Борс отложил листки в сторону, посмотрел на Табурина и опять улыбнулся.
— Должен сознаться, — сказал он, — что во всем этом меня чрезвычайно интересует еще один человек. Этот человек — вы!
— Я?
— Вы!
— Что же вас интересует?
— А вот что: как вам с самого начала пришла в голову мысль о Софье Андреевне? Почему и как вы заподозрили именно ее? Ведь у вас не было и не могло быть ни одной улики против нее. Даже косвенных указаний не было! Что было у вас дальше, ясно: после того, как появилось подозрение, вы начали рассуждать, обдумывать, прикидывать туда и сюда… Нашли кое-что, потом нашли еще больше! Но с самого-то начала? Откуда у вас взялось подозрение? Нюх ваш, что ли? Наитие? Интуиция? Что вас навело на мысль о ней?

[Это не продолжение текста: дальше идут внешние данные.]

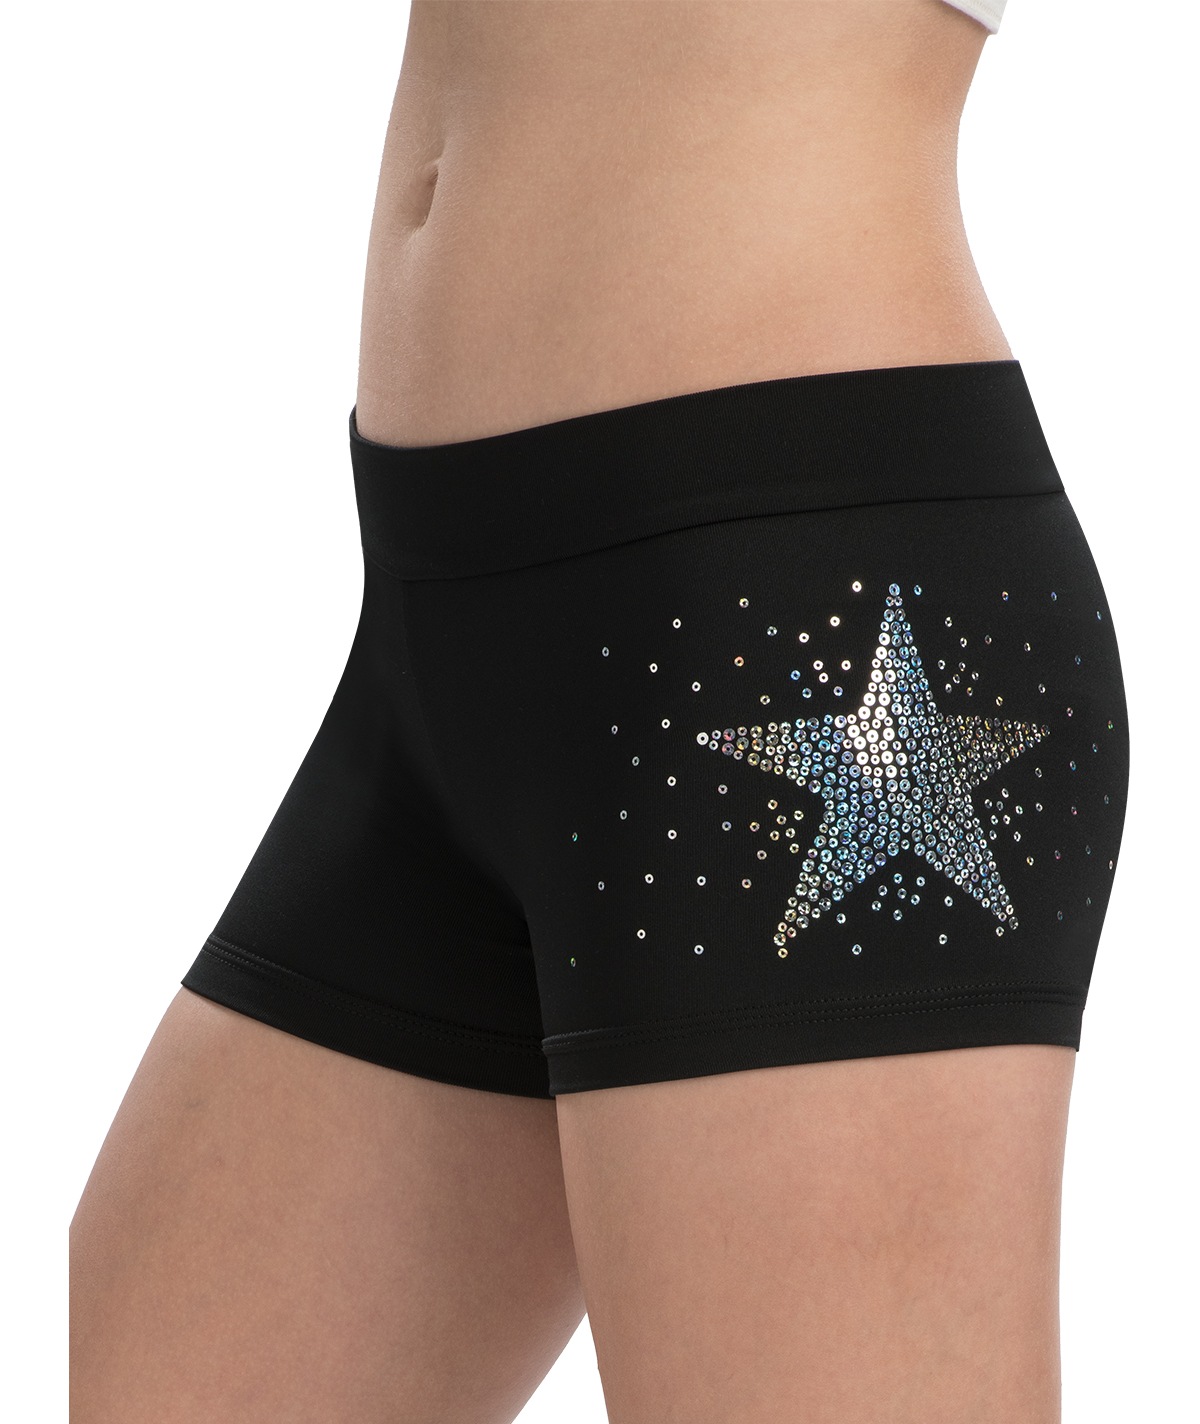 GK All Star Sequinz Star Cheer Shorts

— Что навело? Да все то же, что и всегда: человек навел!
— То есть?
— У меня было два «то есть», и оба были построены на человека. Первое: Виктор не мог убить! Об этом я так много говорил вам, что повторять не стану, и вы, конечно, понимаете мое «не мог». Значит, Виктора я раньше всего исключил из любых возможностей и предположений. Не он и — баста!
— Это было очень смело…
— Нет, это было просто несомненно, вот и все.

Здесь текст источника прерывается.